Artificial Intelligence Security encompasses two related concerns: protecting AI systems themselves from threats, and using AI tools to strengthen an organization's security posture. On one side, it addresses risks to the integrity, confidentiality, and reliability of AI models and the data they depend on. On the other side, it involves applying AI-driven capabilities such as automated threat detection and prevention to improve defensive operations.

Formal definition

Artificial Intelligence Security is a dual-faceted discipline. The first facet covers the protection of AI systems, including models, training data, inference pipelines, and supporting infrastructure, against threats that may compromise their integrity, confidentiality, or operational reliability. Attack categories relevant to this facet include adversarial inputs, model inversion, data poisoning, and supply chain threats targeting the AI stack. The second facet covers the use of AI and machine learning techniques as security controls, typically to automate threat detection, behavioral analysis, and prevention workflows within an organization's security infrastructure. AI-based detection tools in this second facet may produce false positives, flagging benign activity as malicious, as well as false negatives, missing threats that fall outside their training distribution or that are novel in nature. Both facets apply across traditional application environments and generative AI deployments, and effective AI security programs typically address model governance, data protection, and runtime monitoring as complementary controls.

Why it matters

AI systems are increasingly embedded in critical application workflows, from automated decision-making to generative content pipelines, making their integrity and reliability a direct concern for application security practitioners. Threats such as adversarial inputs, data poisoning, and model inversion can compromise AI outputs in ways that may not be immediately visible through conventional monitoring, potentially affecting downstream business processes or exposing sensitive training data. Because AI components often interact with other software and cloud infrastructure, vulnerabilities in the AI stack can propagate risk across an organization's broader attack surface.

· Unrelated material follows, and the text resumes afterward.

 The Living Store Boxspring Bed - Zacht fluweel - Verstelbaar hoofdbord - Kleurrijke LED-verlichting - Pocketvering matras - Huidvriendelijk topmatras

On the defensive side, AI-driven security tools offer meaningful capability improvements for threat detection and behavioral analysis, but these tools carry their own limitations that practitioners must account for. AI-based detection systems may produce false positives, flagging legitimate activity as malicious and adding noise to security operations workflows. Equally important, they are susceptible to false negatives, failing to identify threats that fall outside their training distribution or that represent novel attack patterns not previously encountered. Treating AI-based detection as infallible introduces operational risk, and effective programs typically supplement these tools with human review and complementary controls.

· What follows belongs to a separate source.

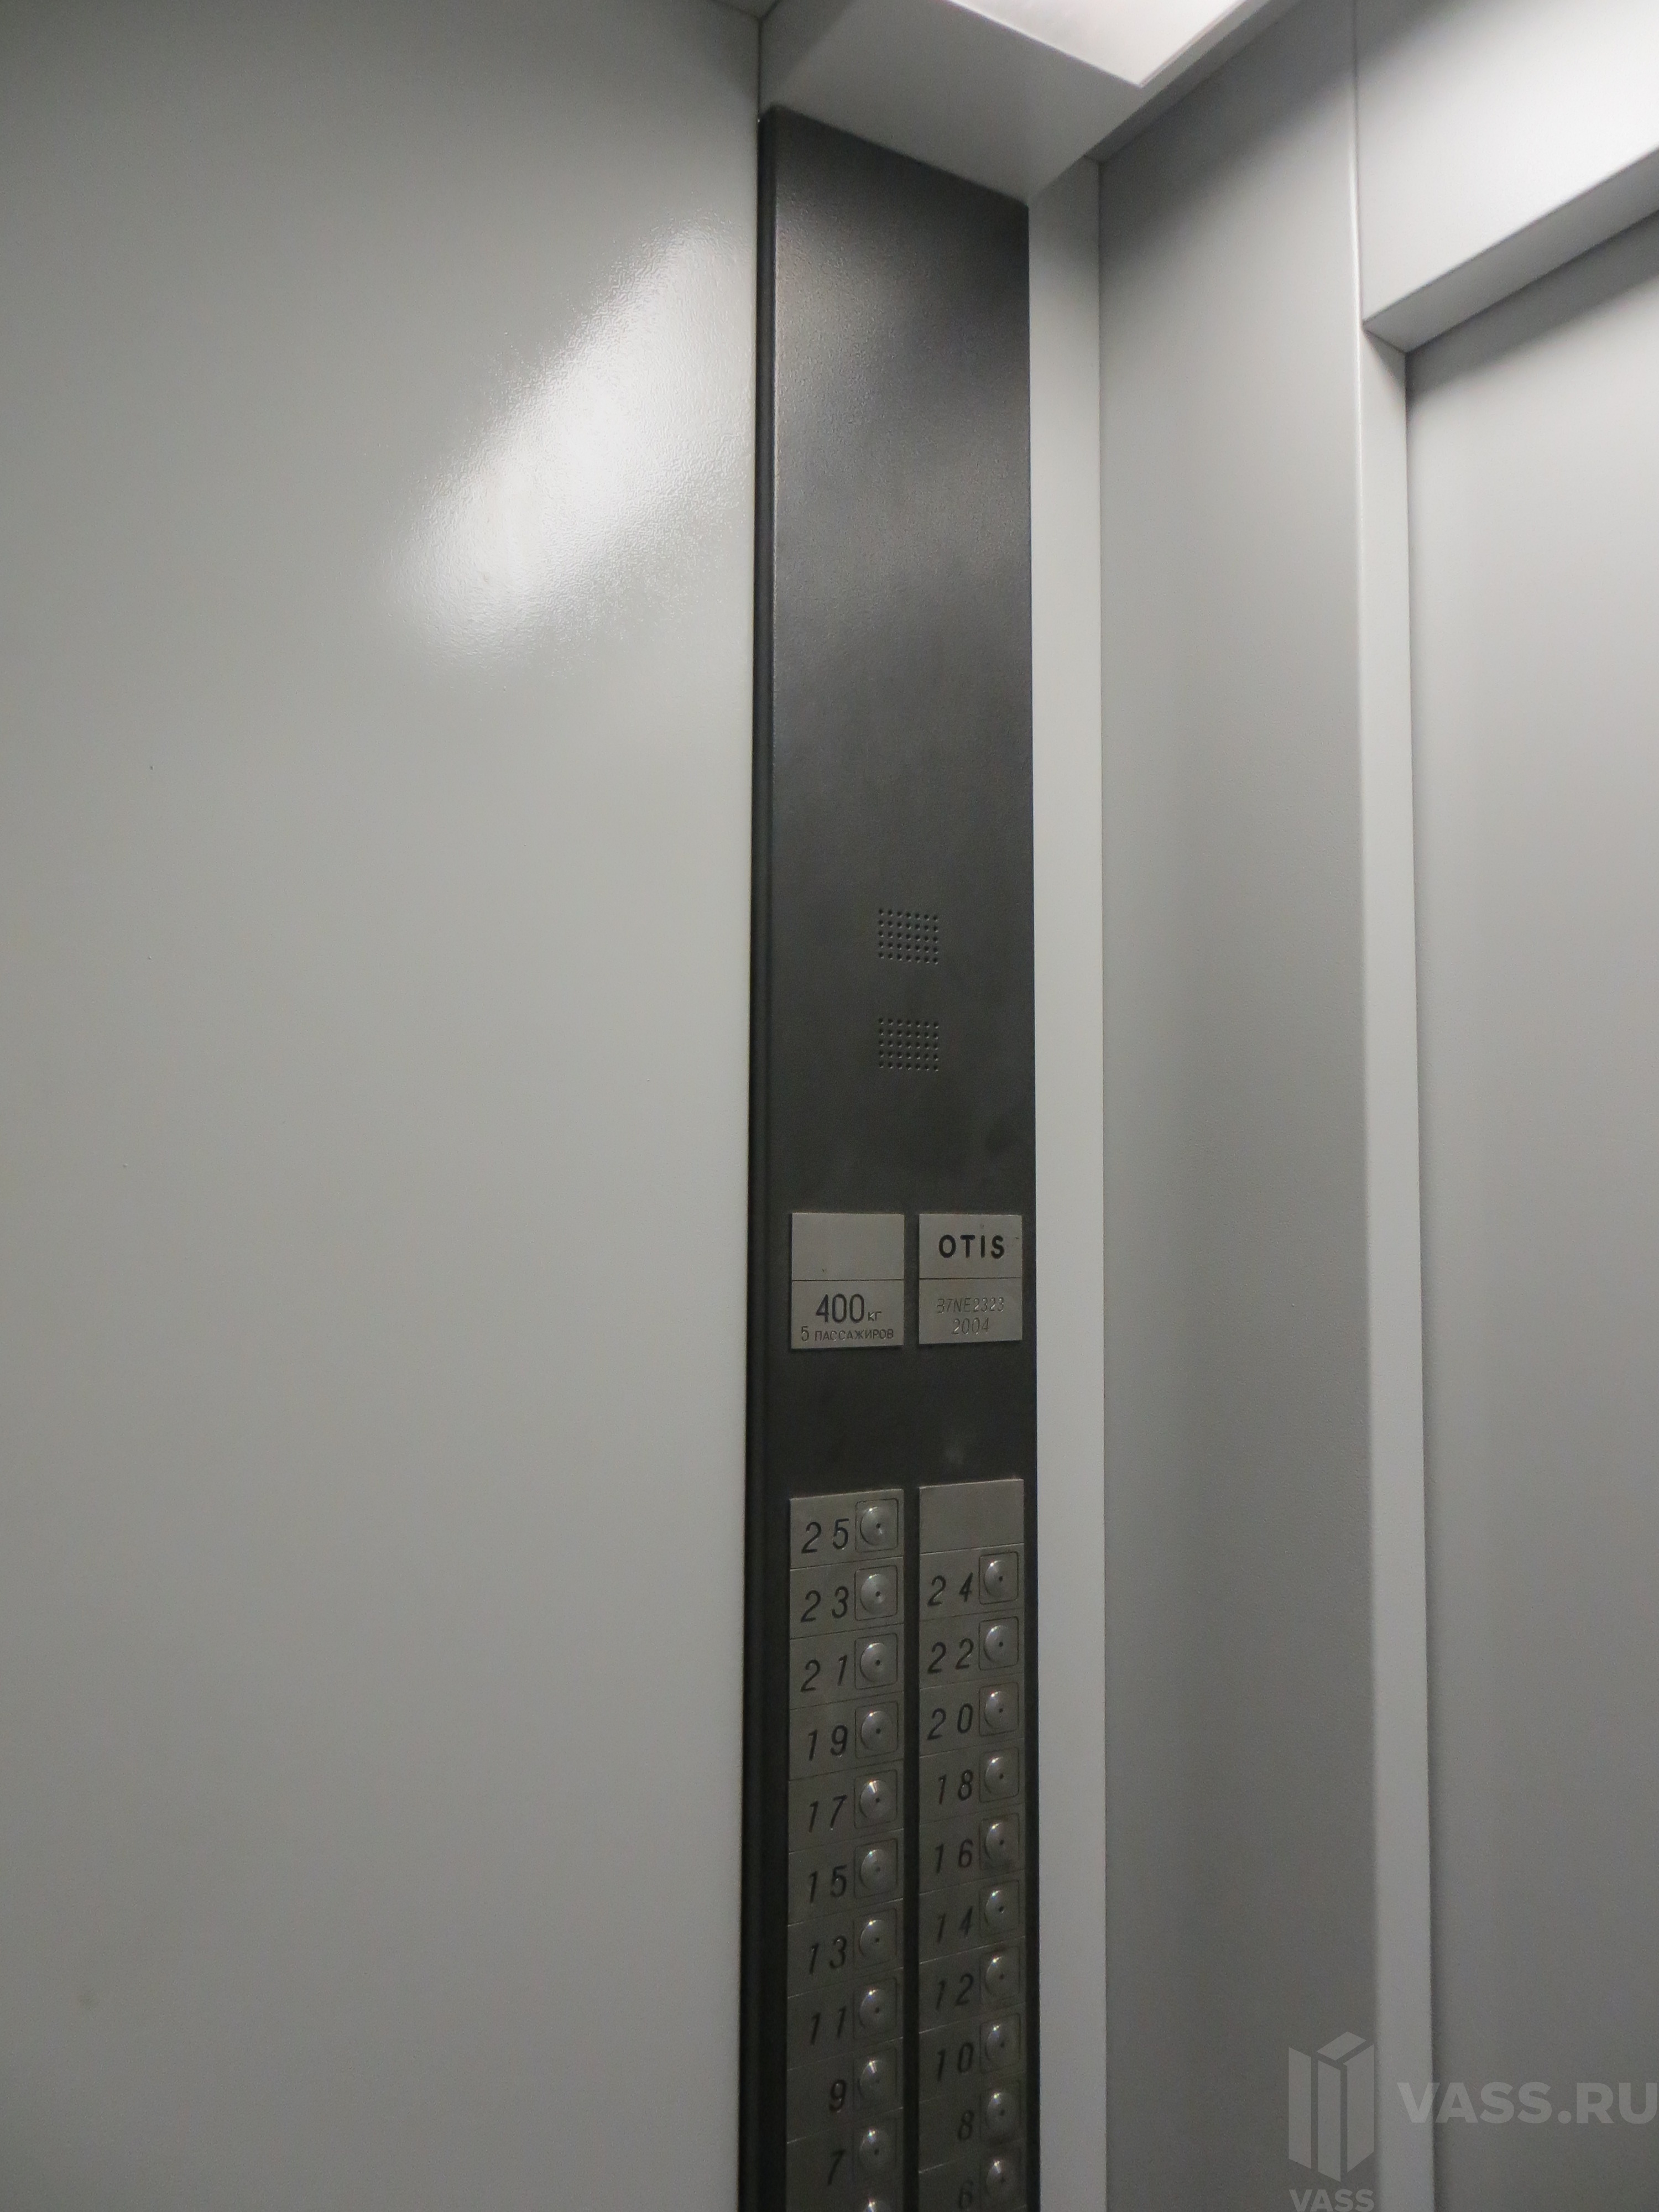 Окрашивание лифтовой кабины

Generative AI deployments introduce an additional layer of concern, as models built on large-scale training data and exposed through APIs or user-facing applications present attack surfaces that differ from traditional software. Governance over model behavior, data protection practices for training pipelines, and runtime monitoring of inference activity are all areas where organizations are building out dedicated programs. The field has matured enough that frameworks addressing AI-specific risk, such as AI Security Posture Management, have emerged as recognized practice areas.

Who it's relevant to

Application Security Engineers
Application security engineers working on systems that incorporate AI components need to account for attack surfaces that differ from traditional software, including adversarial inputs at inference time and supply chain risks introduced by third-party models or datasets. They are also increasingly responsible for evaluating and integrating AI-based security tooling, which requires understanding its false positive and false negative characteristics.
Security Operations Teams
Security operations practitioners who use AI-driven detection and behavioral analysis tools must understand the scope boundaries of those tools, particularly their tendency to miss novel threats or flag benign activity as malicious. Calibrating these systems, reviewing their outputs critically, and maintaining escalation paths for edge cases are core operational responsibilities.
ML and Data Engineers
Machine learning engineers and data engineers are responsible for the integrity of training data and the reliability of model pipelines, making them important stakeholders in AI security programs. Data poisoning attacks and supply chain threats targeting pre-trained models or libraries are categories of risk that fall within their operational scope.
Cloud and Infrastructure Security Teams
AI workloads typically run on cloud infrastructure and depend on APIs, storage systems, and orchestration layers that must be secured independently of the models themselves. Cloud security teams need visibility into how AI components interact with broader infrastructure and where sensitive data, including training datasets and model weights, is stored and accessed.
Security Architects and Risk Leaders
Architects and risk leaders are responsible for establishing governance frameworks that address both the use of AI as a security capability and the protection of AI systems the organization relies on. This includes defining policies for model governance, data protection in AI pipelines, runtime monitoring requirements, and the acceptable use of AI-based detection tools given their known limitations.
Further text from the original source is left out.